Evangeline took the cover off and got out of bed. She reached for her velour white robe behind the door and put it over her naked body.
Please, Evangeline.
I’m coming. She had to move faster. Moving down the stairs quickly, she reached the entryway and grabbed Adam’s keys. Outside, she started the car and drove straight to her parent’s house. Parking a fair distance from the house, she got out and headed straight into the woods. The October night was cool and Evangeline did not realize she was barefoot and in a robe.
The jackal had her babies. She had to find them.
She moved deeper into the woods, totally unaware she’d begun to shiver.
“Hello, my dear.”
Evangeline gasped as if she’d been doused by a bucket of ice cold water. Every hair on her body stood instantly on end.
She didn’t know what was weirder; that she was outside in the woods with a robe on and had no idea how’d she gotten there or the fierce lady with the odd getup in front of her.
“My, you are even more beautiful up close,” the lady spoke again in her deep sing song voice.
Evangeline shook herself. “What…what am I doing here? Who are you?”
The woman stared back at her with an odd, assessing expression. The woman’s hair was pulled back in a severe bun and her hard green gaze sent shivers down Evangeline’s spine. She wore a long velvet dress of midnight black and a draping necklace with a medallion on the end.
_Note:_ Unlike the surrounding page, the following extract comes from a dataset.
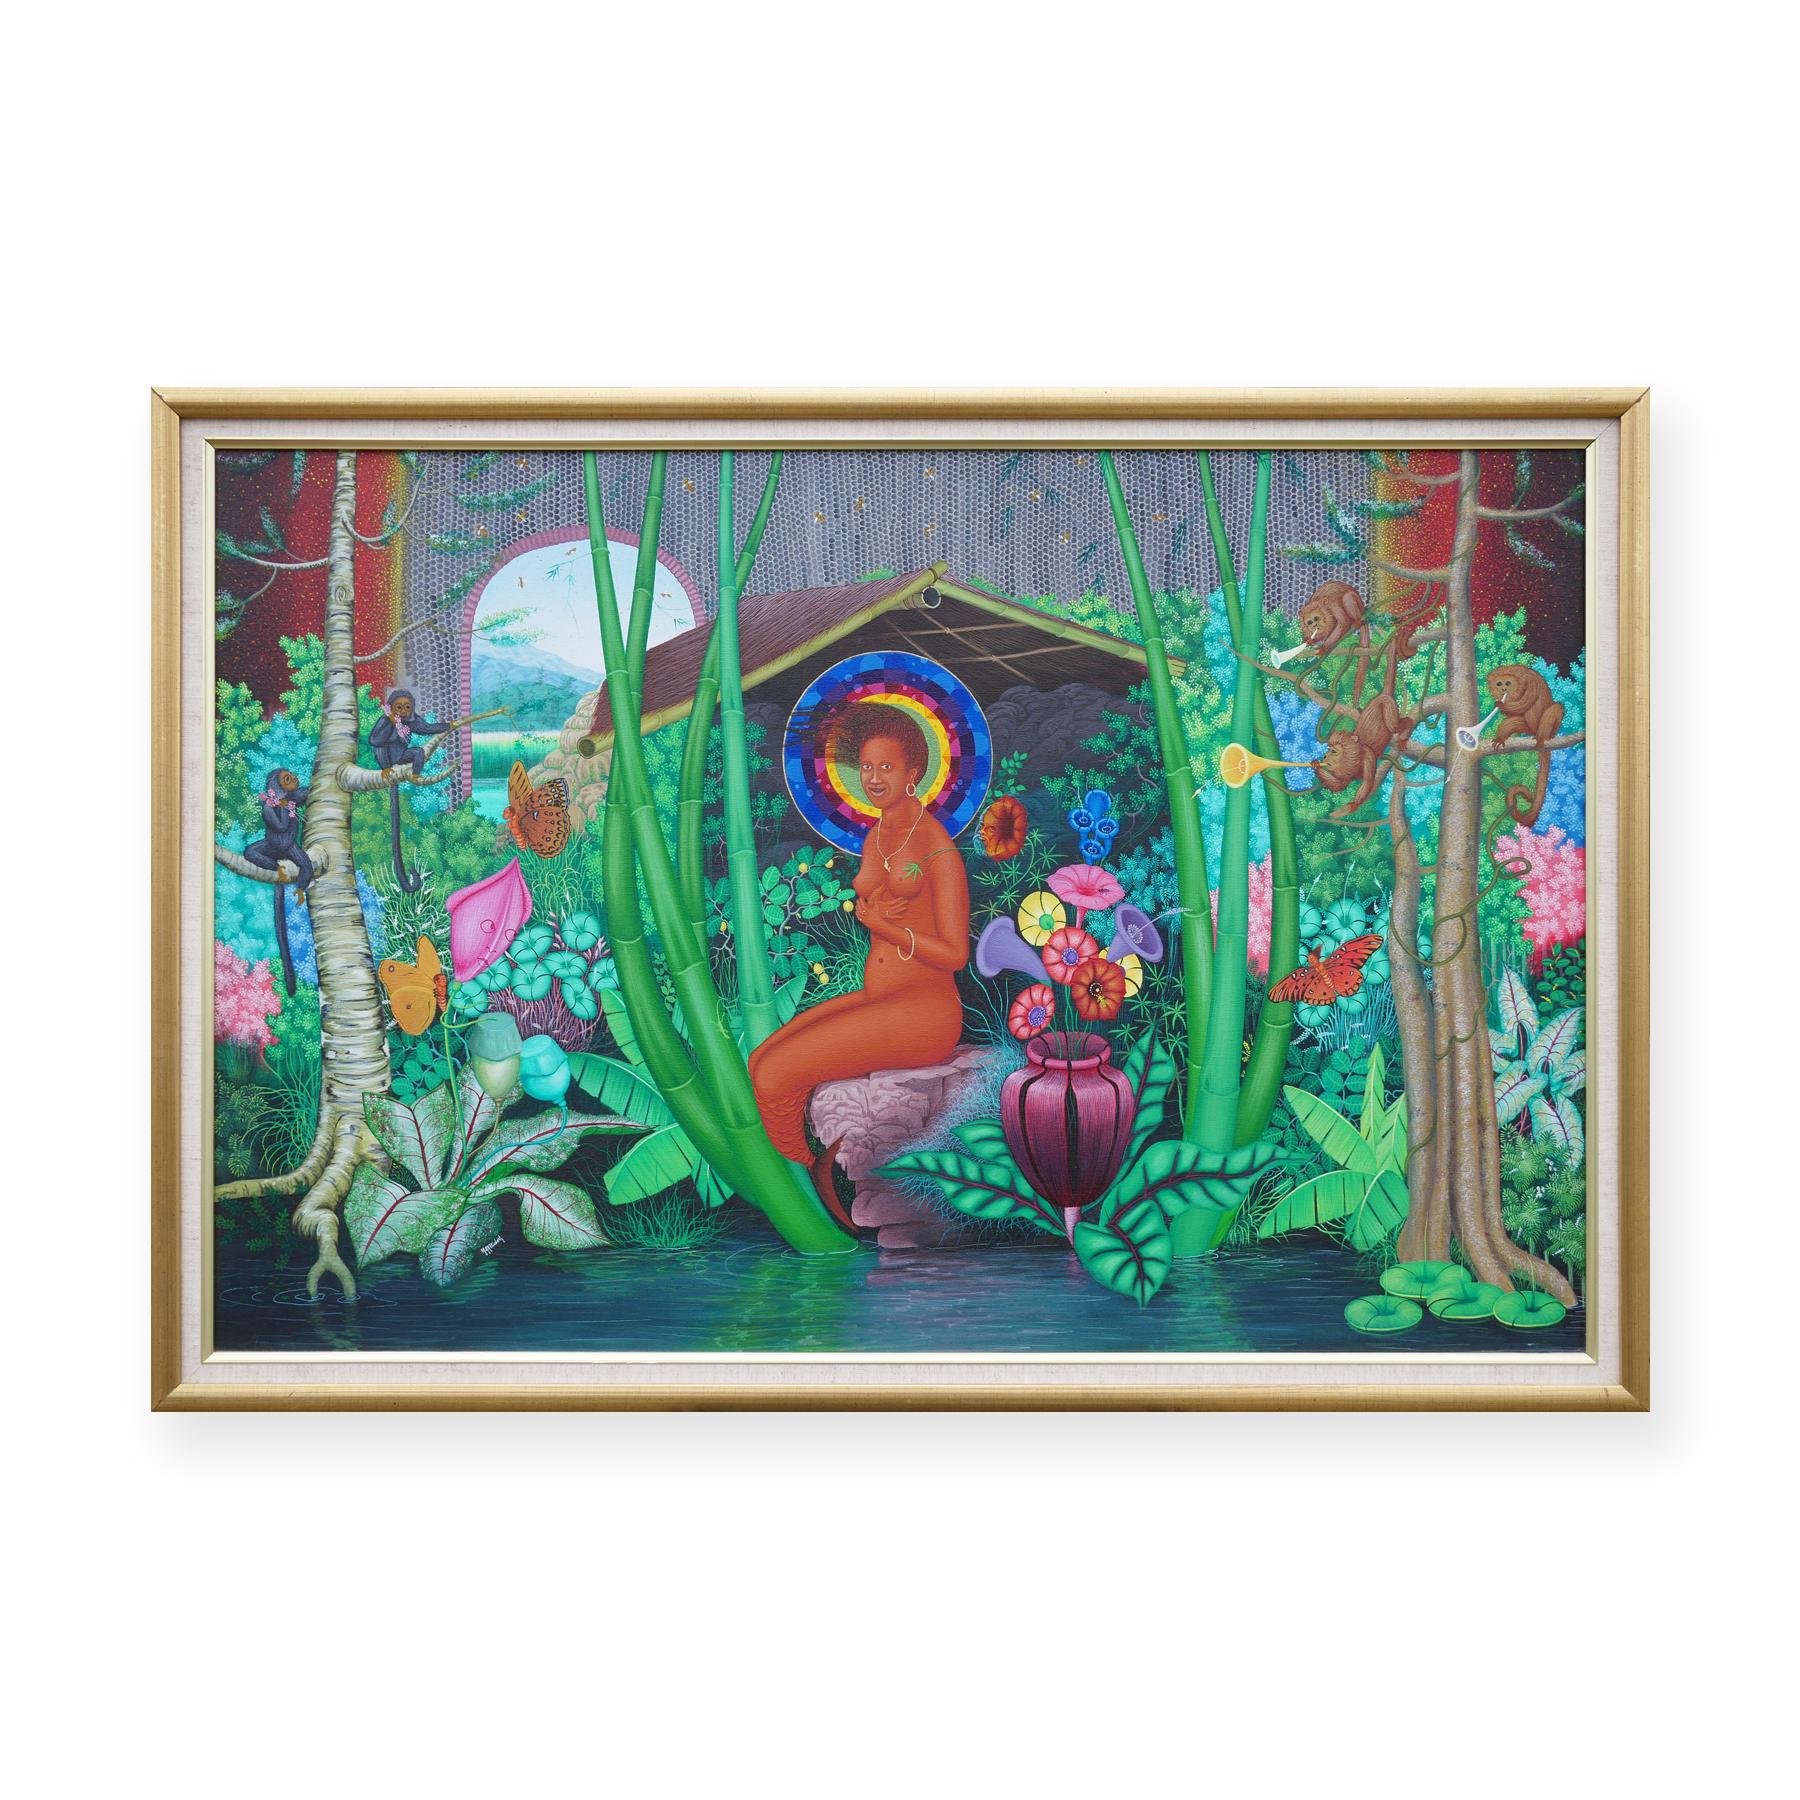 Colorful Tropical Jungle Landscape with Central Nude Female Figure - Painting by Michel-Ange Altidor

Evangeline couldn’t tell if she was thirty or fifty years old.
“I need to get home.” Evangeline made to move, but the woman’s next words made her freeze.
Leaning her dark head to one side, she said, “I’m sorry my dear, but you will not be going home tonight.”
Standing frozen as the woman’s words sunk in, she finally said, “I’ve had enough.” Apparently her sleep-deprived self had been sleepwalking and landed in the freaking woods. Evangeline turned to go, walking in the opposite direction when the creepy woman materialized in front of her.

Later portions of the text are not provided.